De la pasividad que finge interés, a la indolencia completa, no hay mucha distancia. Uno se engaña tratando de convencerse de que los demás sí importan, pero en el fondo sabemos que son sólo palabras, que no pensamos en los más que en función de nosotros mismos, o por temor a que el mal que a otros aqueja, nos suceda también. Todo se me hizo más claro cuando, durante una misa, cuando pasaron a recolectar las limosnas, me llevé la mano a mi bolsillo para sacar dinero y me di cuenta que todo eso carecía de sentido.
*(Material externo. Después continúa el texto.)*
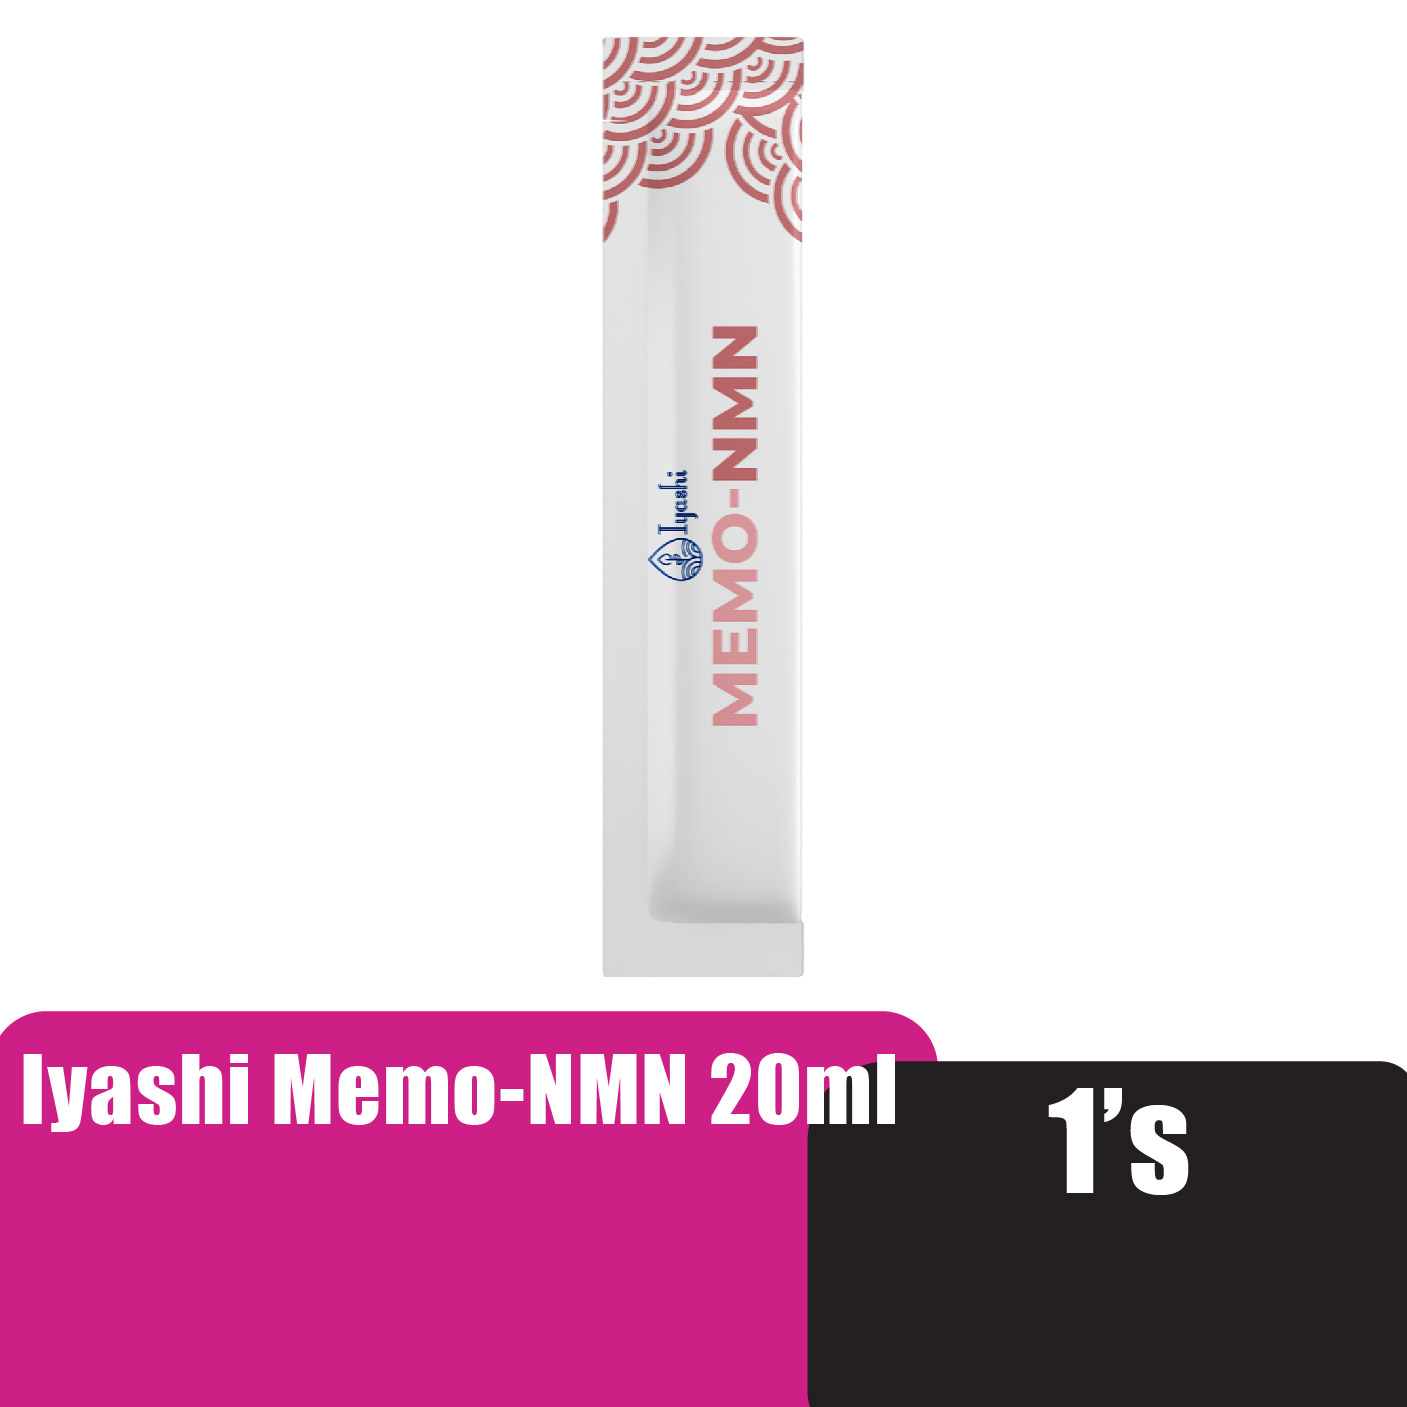 IYASHI Memo nmn Collagen Drink to promote Anti Aging ( Nmn Supplement / Collagen Supplement / Collegen ) 20ml x 1's

De repente fue absurdo estar en ese templo, siendo parte de una ceremonia que comprendía, pero que sentía totalmente vacía. Por ello me levanté de la banca y salí de allí, sin esperar a que culminara el ritual. Más de un piadoso católico, y más de una ferviente anciana me lanzaron miradas fulgurantes que me condenaban al rincón más apestoso del infierno por mi deleznable abandono. Yo sonreí pensando que igual y así se sintió Luzbel cuando lo desterraron, pensando: “Éste es sólo un asunto entre Dios y yo”. Salí del templo y miré al cielo, todo era de un tono triste y plomizo, respirándose una brisa que presagiaba tormenta. Miré hacia atrás y no me convertí en estatua de sal. Lo único que percibí fueron algunas miradas de los fieles, algunos ojos seguían lanzando mudos deseos condenatorios contra mí, y otros con cierto tinte de envidia por mi salida. En ese momento no sólo sonreí, sino que emití una sonora carcajada que me fue imposible reprimir. Del cielo surgió un rayo tan repentino como el amor verdadero. El estúpido fenómeno meteorológico no encontró mejor lugar dónde posarse que en mi persona. Fui víctima de toda su natural descarga. Sé que éstas son las últimas reflexiones que haré en mi vida, aquí mientras adolorido me carbonizo en el atrio. Me largo de este mundo, lleno de rabia, pues esta bola de beatos van a pensar que este accidente fue un castigo divino. ¡Pobres idiotas!